When al-Qaeda's plans to bomb the American Stock Exchange in New York recently came to light, Homeland Security Chief Tom Ridge raised the alert level to orange and barricades went up around financial institutions. Then the public learned that Ridge based the new alert on three-year-old information. Within days, the Bush administration was scraping egg off its face.

Politics aside, these two scenarios show the stark difference between giving citizens information that enables them to act and information that leaves them confused and fearful.
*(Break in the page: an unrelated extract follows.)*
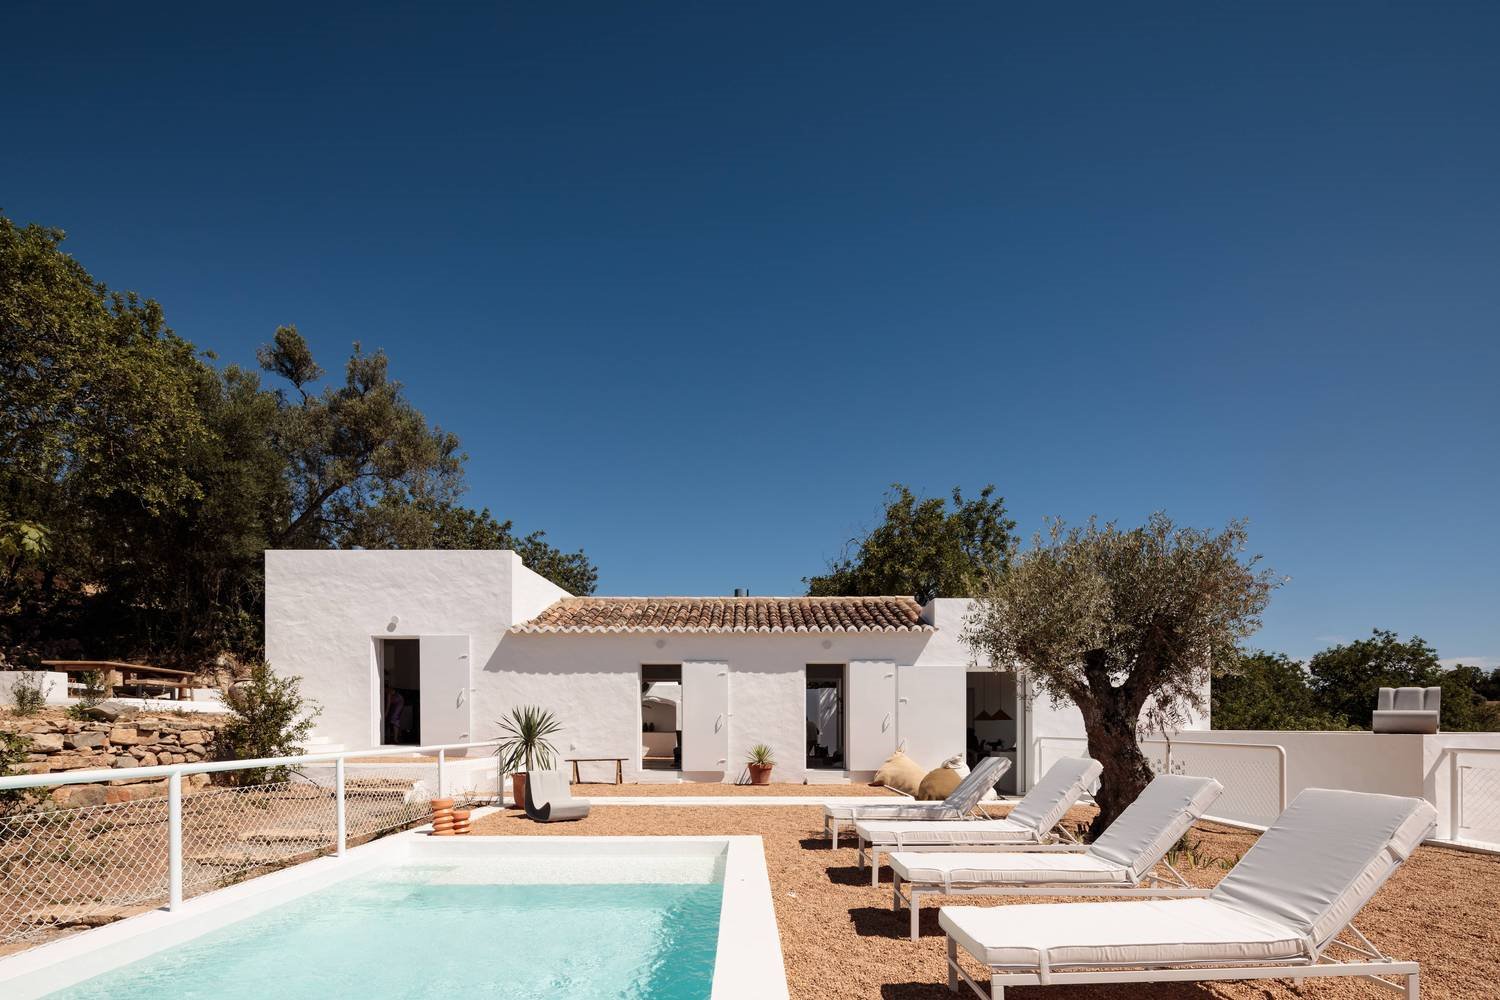 Casa de vacaciones en el algarve en Portugal con fachada e interiores de color blanco piscina con tumbonas

It also reveals the limitations of grafting a domestic crime-fighting tactic like Neighborhood Watch onto the problem of international terrorism.
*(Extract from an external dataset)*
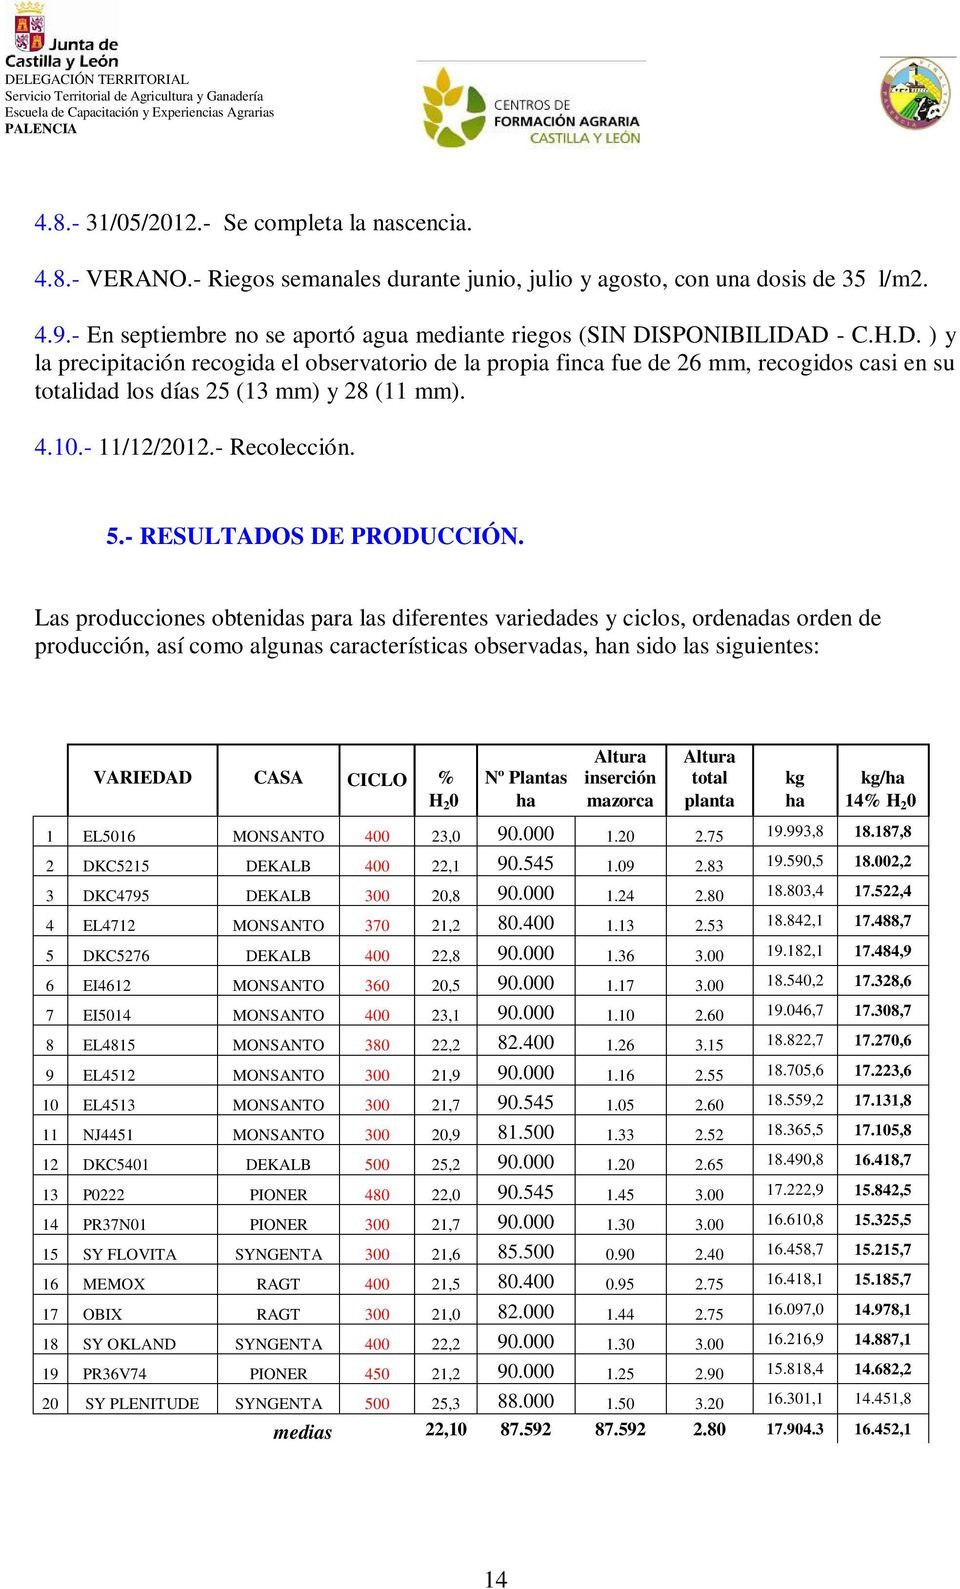 SPONIBILIDAD - C.H.D. ) y la precipitación recogida el observatorio de la propia finca fue de 26 mm, recogidos casi en su totalidad los días 25 (13 mm) y 28 (11 mm). 4.10.- 11/12/2012.- Recolección.

Yet, that's exactly what's happening to the decades-old volunteer crime prevention strategy most people recognize from the signs featuring a large eyeball and the warning that "suspicious activities will be reported to police." This fall, the National Crime Prevention Council plans to train Neighborhood Watchers to include in their definition of "suspicious activities" anything that could be linked to terrorism.
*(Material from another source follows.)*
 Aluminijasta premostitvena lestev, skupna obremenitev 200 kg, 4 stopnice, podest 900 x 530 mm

Both George Bush and John Kerry include Neighborhood Watch in their arsenal of weapons against al-Qaeda. Bush brought the Watch under the Homeland Security umbrella after 9/11 and granted the National Sheriffs Association almost $2 million in 2003 to expand the list of registered Watch groups. Kerry and running mate John Edwards have also called for raising the number of Watches. Campaigning in Colorado, Kerry said that since Americans already use the approach to protect themselves against vandals or burglars, they might also apply it against terrorists.

Civil libertarians are quick to warn against turning neighbors into snitches based on racial or ethnic profiling. But the deeper flaw in both Bush and Kerry's approach is a basic misunderstanding of the real genius of Neighborhood Watch: It works best as a grassroots, citizen-led effort, not as a top-down federal program.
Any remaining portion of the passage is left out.